In one of the the largest anti-corporatization protests to date, 40,000 people gathered in the sleepy town of Millau in rural southern France on July 2. They came to express their support for farmer-turned-revolutionary Jose Bove, who is on trial for destroying a half-built McDonald's restaurant. Bove has become the de faco leader of the anti-biotech and anti-corporatization movement in France, and has made a name for himself throughout Europe and much of the rest of the world for his militant positions against the World Trade Organization (WTO) and other global political bodies which he sees as threats to agriculture, health, and the economy in France and elsewhere.

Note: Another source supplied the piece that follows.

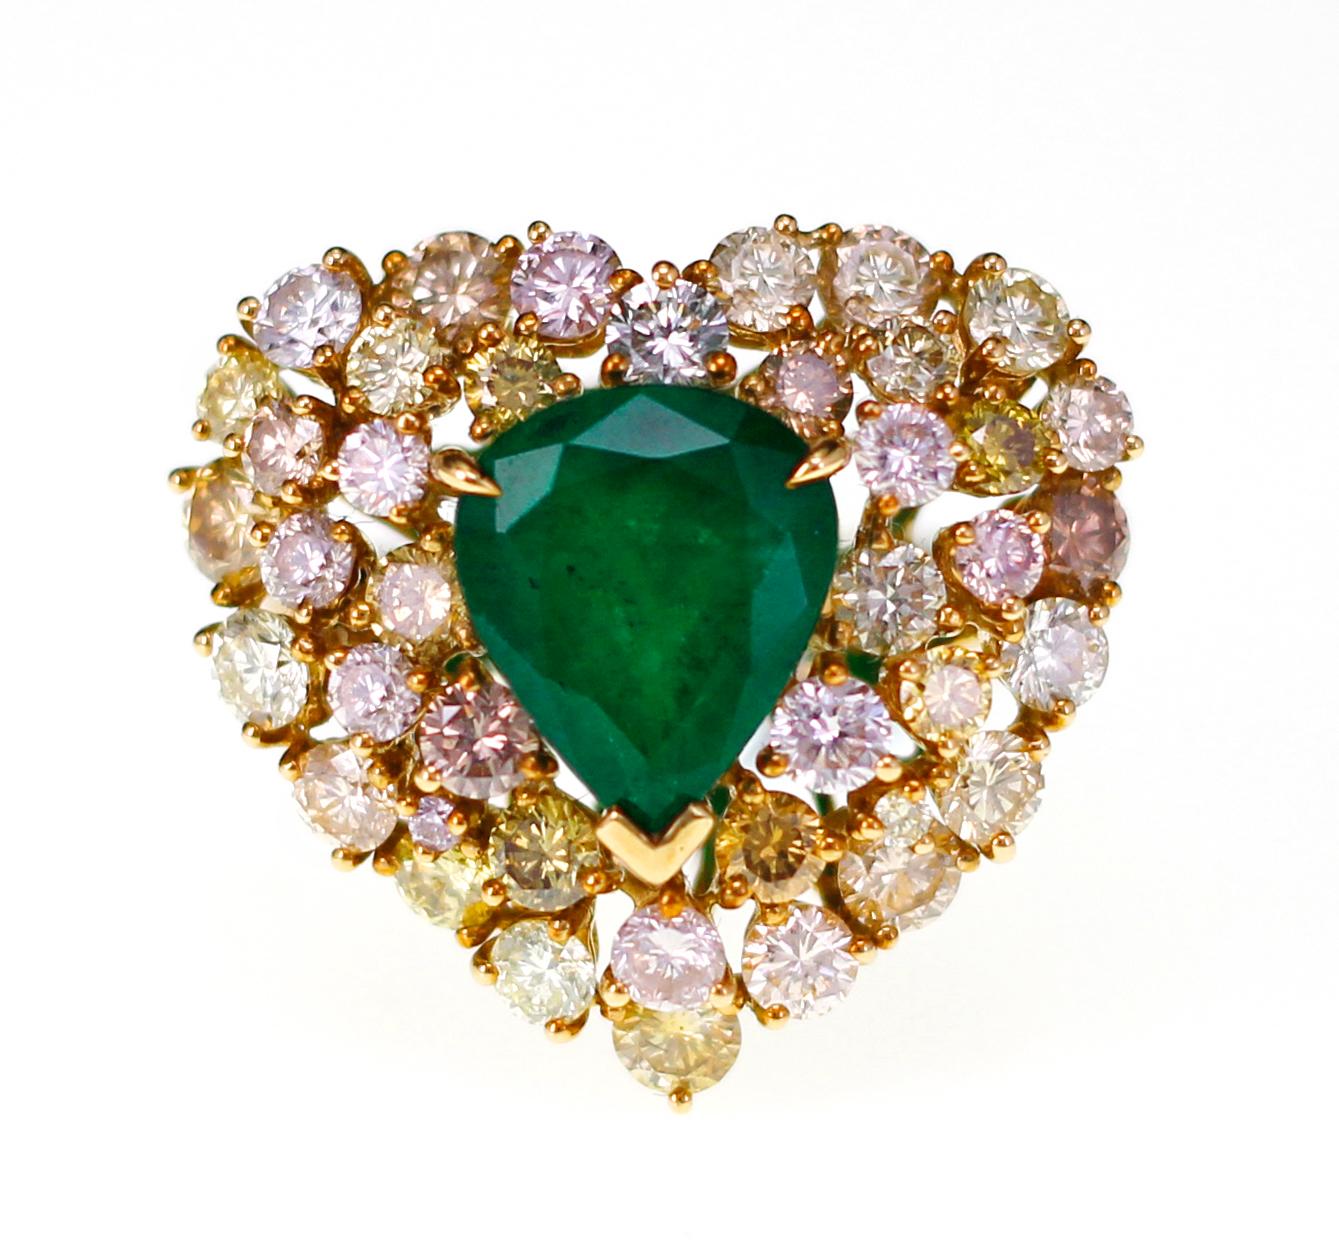 2.8 Karat lebendiger grüner Smaragd mit 2,77 Karat natürlichem rosa und gelbem Diamantring.

Bove made the most of the spectacle by arriving to the couthouse in a horse-drawn cart while the throngs chanted agaigainst "McDomination". The trial itself was broadcast on huge screens outside the courtroom, while others in the crowd busied themselves with street theater, workshops, debates, and concerts.

Jose Bove
Bove considers McDonald's to be the perfect symbol of the threat of globalization. McDonald's requires gargantuan scale factory farming practices, and is in a march toward a type of cultural genocide as its products replace the usually healthier and more eco-friendly local food choices around the world.

Bove's group, the agricultural trade union Confederation Paysanne has been working full time to get their message out. Their mission is to convince politicians to rethink their positions on globalization, which Bove feels is threatening human rights, diversity, and the overall quality of people's lives.

Bove has also set up a group of experts in the fields of law, finance, and economics to closely monitor the WTO headquarters in Geneva, Switzerland like a "giant microscope."